Theodora Kroeber - Ishi




Theodora Kroeber - Ishi

C'est grâce à une référence de Bruno Léandri que j'ai entendu parler de ce livre sorti en 1960.

Ishi fut le dernier indien "sauvage" d'Amérique de l'Ouest à être retrouvé vivant en 1911 par les blancs. La colonisation et la ruée vers l'or ayant réduit comme peau de chagrin les espaces de vies des dernières tribus amérindiennes, il n'en est finalement resté plus qu'un qui, paniqué a fini par rencontrer la vague terrible de la modernité. Des anthropologues sont arrivés à la rescousse du rescapé après qu'on l'ai découvert caché dans un abattoir puis mis à l'abris des curieux en prison.
Avec attention et respect, Kroeber et Waterman ont tenté de retracer la tragique histoire de son peuple les Yana et sa sous-tribu Yahi.

Dans la première partie on prend un peu de recul pour tenter de comprendra la situation géographique et géologique de la Californie ainsi que les différentes peuplades qui la composait avant l'arrivée des conquistadors. Différentes langues et dialectes y étaient pratiqués et la vie faite de chasse, pêche et cueillette suivait son cours multimillénaire en entretenant une certaine diversité entre les ethnies qui cohabitaient plus ou moins en paix. Tableau peut-être trop idyllique d'une existence pouvant être rude d'un point de vue occidental et ponctuée de conflits.
Mais les choses ont commencé à se corser pour les autochtones lorsque les différentes phases coloniales ont intensifié la pression des appropriations territoriales.

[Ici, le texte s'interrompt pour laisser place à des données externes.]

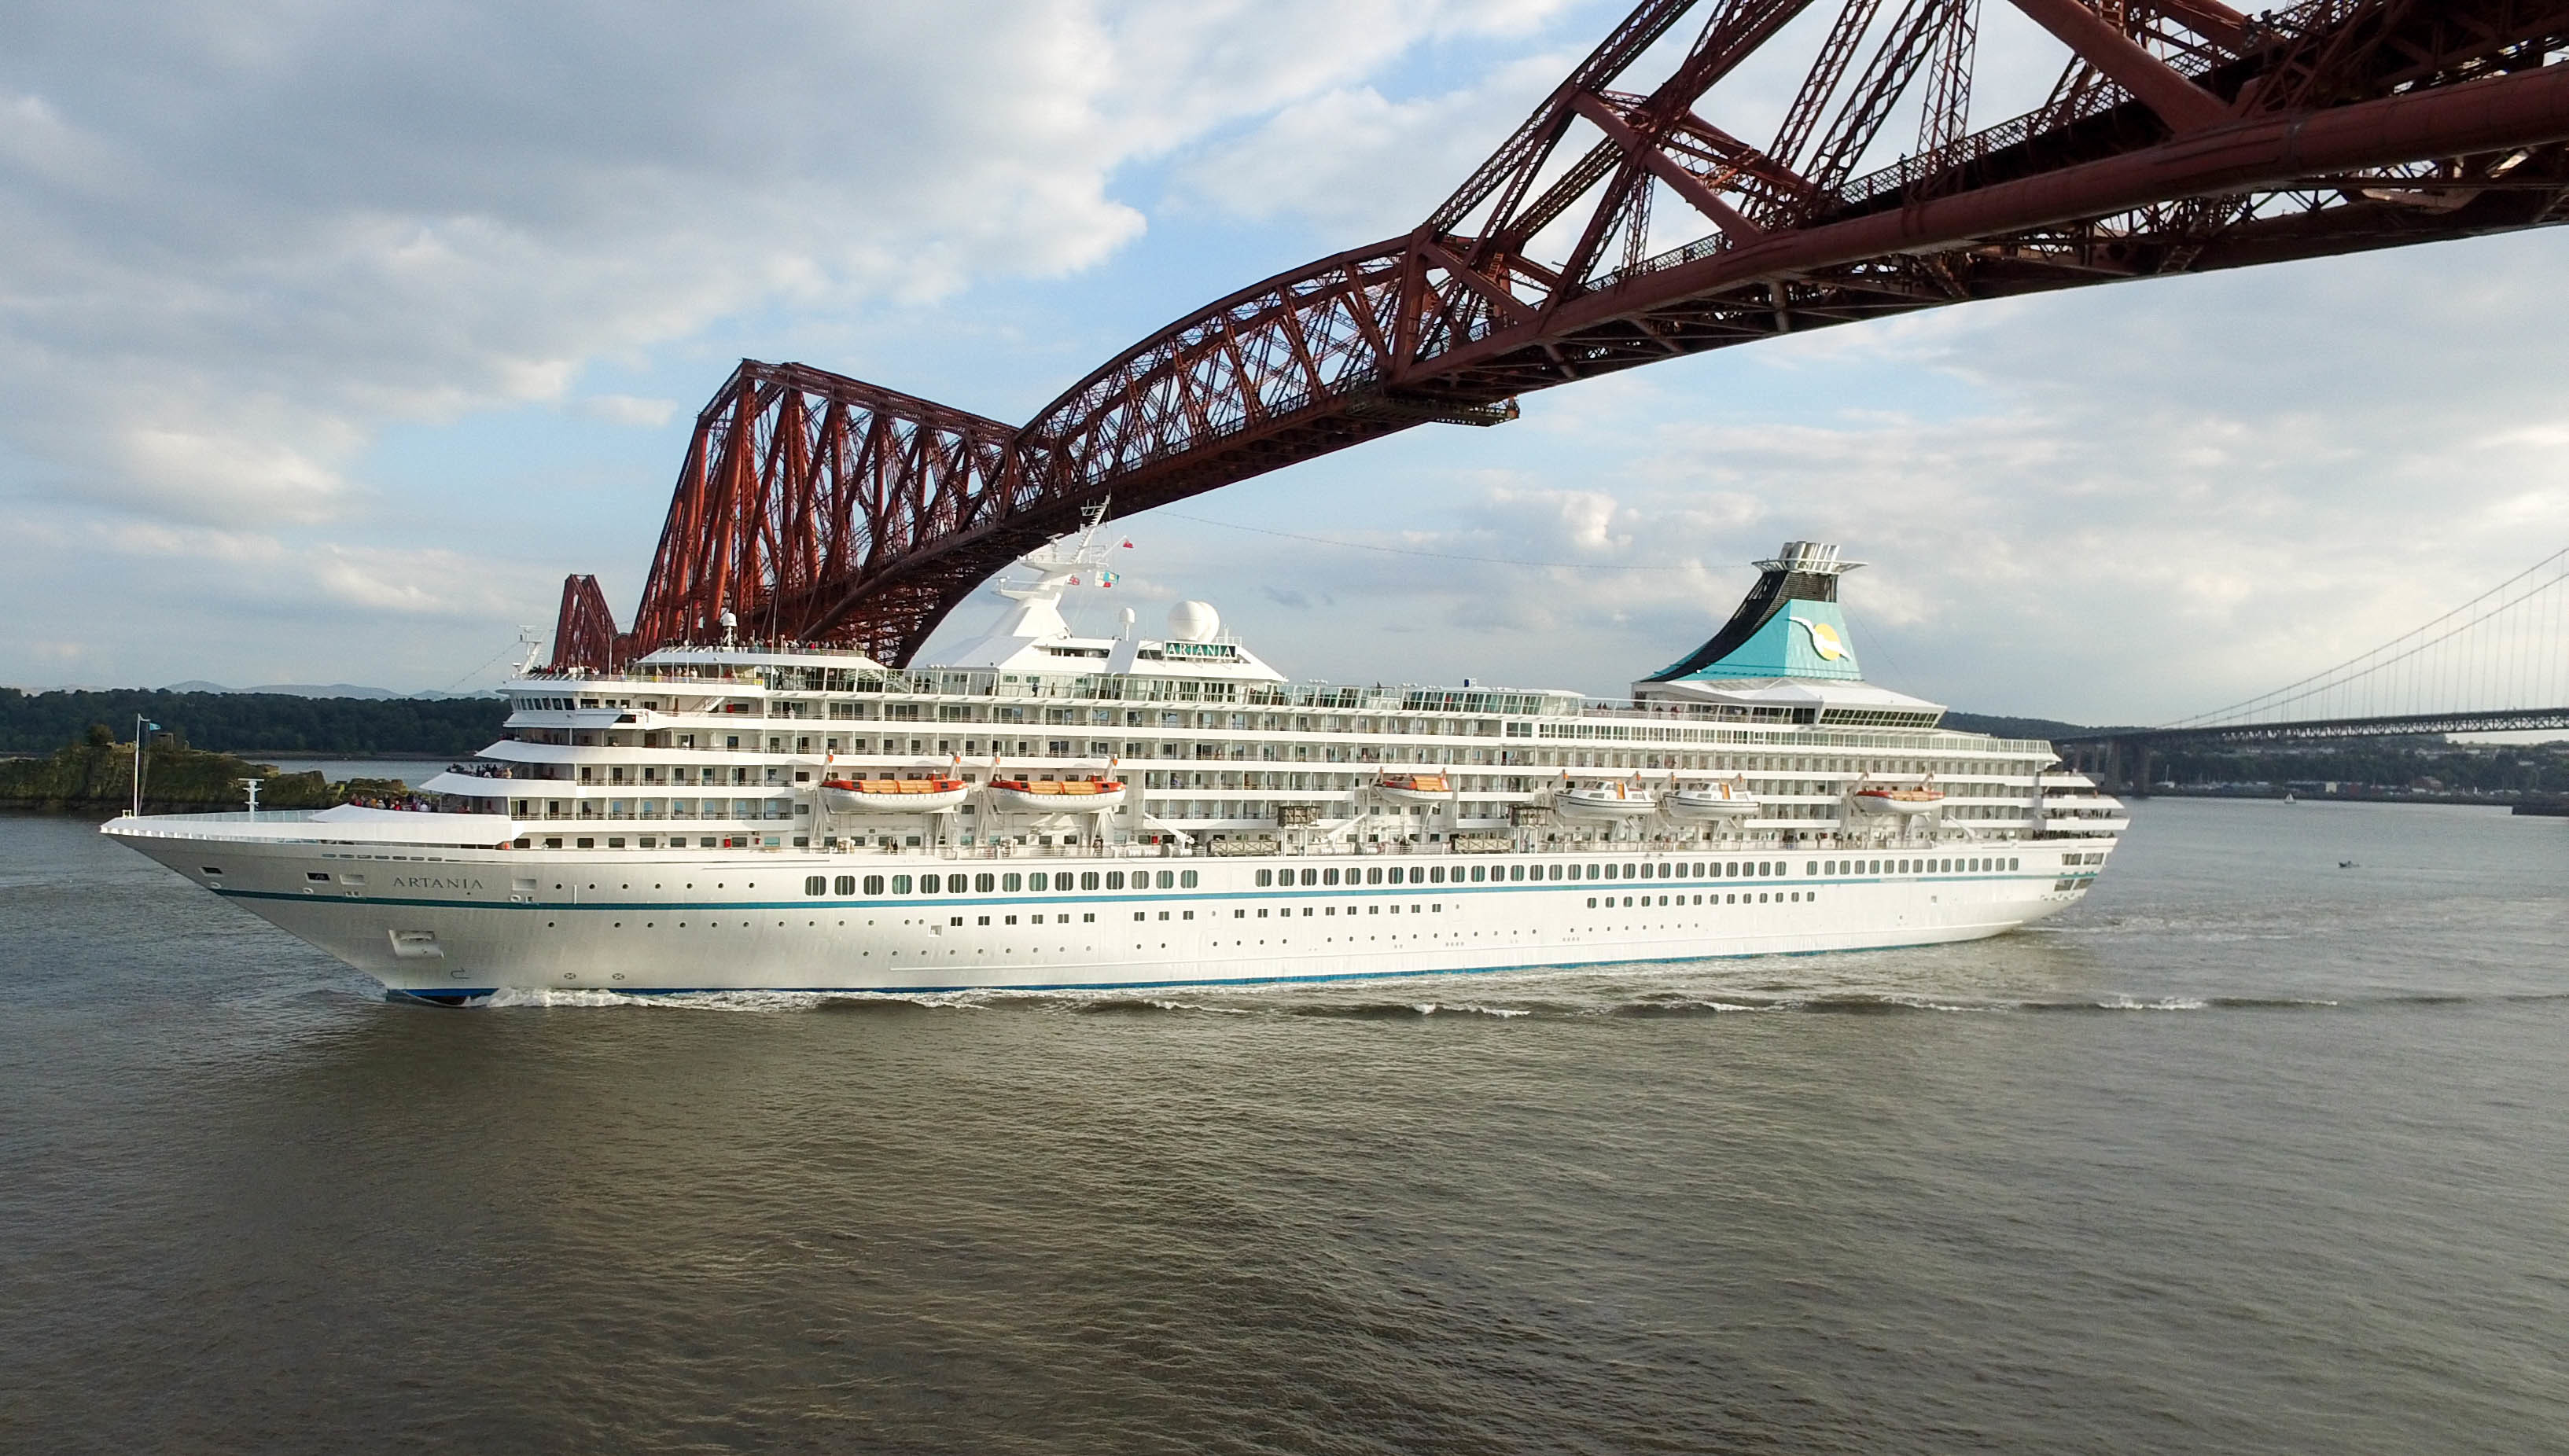 Cruise ships are to become an increasingly regular site in the area.

Alors qu'avant 1850, l'invasion hispano-mexicaine s'avérait modérée d'un point de vue du ratio (1 indien pour 10 espagnols) mais aussi par une forme de métissage chrétien, le torrent anglo-saxon ultra raciste a complètement fini le massacre avec un moment paroxystique durant la Guerre de Sécession. Maladies, viols, meurtres, pillages ont eu raison de ces peuples les uns après les autres.
Mythes et légendes ont entretenu le côté violent des indiens qui tentaient juste de se défendre ou se venger contre les nombreuses exactions commises par les plus cruels des mercenaires avides d'or. Ceux ci souvent vidés de toute morale par un très long périple en terre inconnue et inhospitalière ont libérés leurs plus bas instincts contre ces populations multiséculaires qui habitaient là bas. La littérature qui raconte les traques des indiens fournit de nombreux détails horribles de ces exterminations souvent gratuites.

Les Yahi (dont Ishi est issu) ont subi nombreux assauts et perdu une grande partie des leurs.
C'est peut-être leur côté opiniâtre ainsi que leur situation particulière isolée dans les montagnes arides qui explique leur longévité par rapport aux autres peuplades décimées. Contraints à une poignée d' individus à vivre pendant près de 40 années dans la clandestinité, leur langue, coutumes ont peu à peu glissé dans l'oubli.
Alors que les derniers survivants avaient installé leur micro village camouflés dans le chaparral et vivotaient de menus larcins vu que leur espace de chasse devenait de plus en plus exposé, ils ont finit par être débusqués par un groupe d'arpenteurs qui prenaient des mesures pour la construction d'un barrage. Les 5 ultimes Yahi se sont dispersés et rapidement morts sauf Ishi qui encore vécu 3 années seul avant de se faire capturer mourant de faim.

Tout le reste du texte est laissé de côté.